Unit Testing: State Depends on Behavior, Not Vice-Versa

Software

There’s a principle (little-”p”) in the Agile / XP world that your unit tests should roughly reflect your software requirements.   Part of this has to do with the fact that if there’s a requirement, it should be tested, and part of it has to do with the low-documentation/code-sharing ethic.  In this second scenario, a new developer should be able to get a pretty good handle on what the tested code is supposed to do merely by going through the unit tests.

Of course, as with most software rules of thumb, that’s an abstraction, but it speaks to a real mindset.

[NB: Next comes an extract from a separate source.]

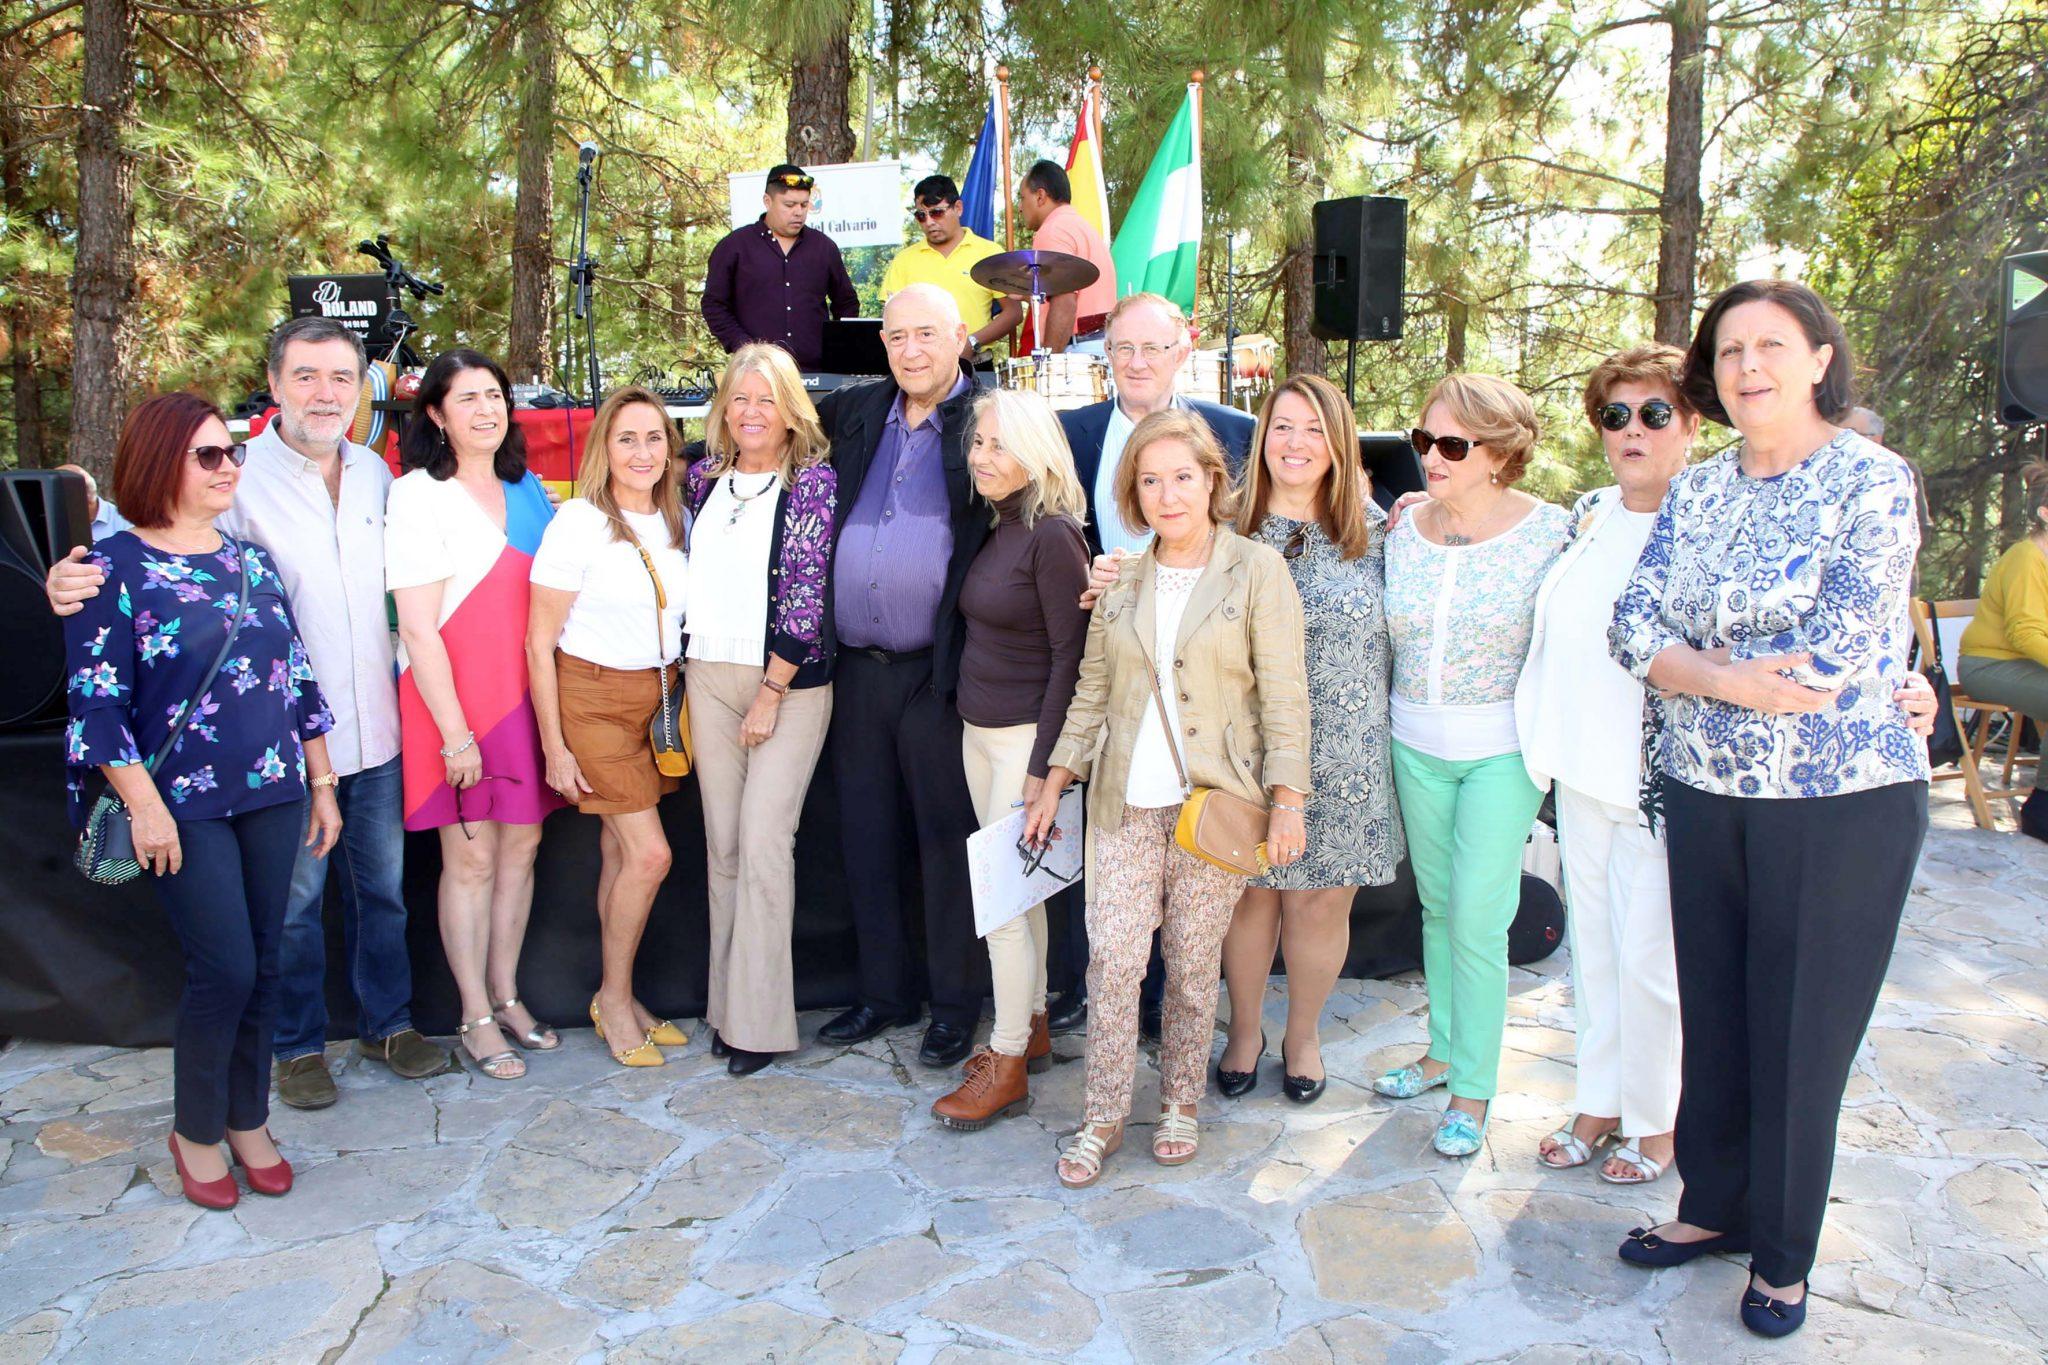 Homenaje al ginecólogo Freddy Simon por su labor profesional en Marbella

I’ve found during those times where I get “stuck” playing around with a new piece of software I’m developing, that when I go back and look at the unit tests, it’s a lot of property testing, and not nearly enough method testing.  In other words, I overemphasize state at the expense of behavior.  This is a bad thing.  In the first case, properties are too easy to test: get/set blocks, assignments and .AreEqual calls, etc.  Methods are harder to test — branches, function overloading, loops, messy stuff.  In the second case, software is meant to DO something — even state changes are an active process, in the sense that something acts on the software to change its state.

Part of my problem may be too heavy an OOP mindset, in the sense that my first instincts are to say “what is this thing?” rather than “how does this thing behave?”

The answer?  Back to theory to get a fresh perspective.  Nothing like snuggling up with Grady Booch to get back to first principles and recharge the batteries.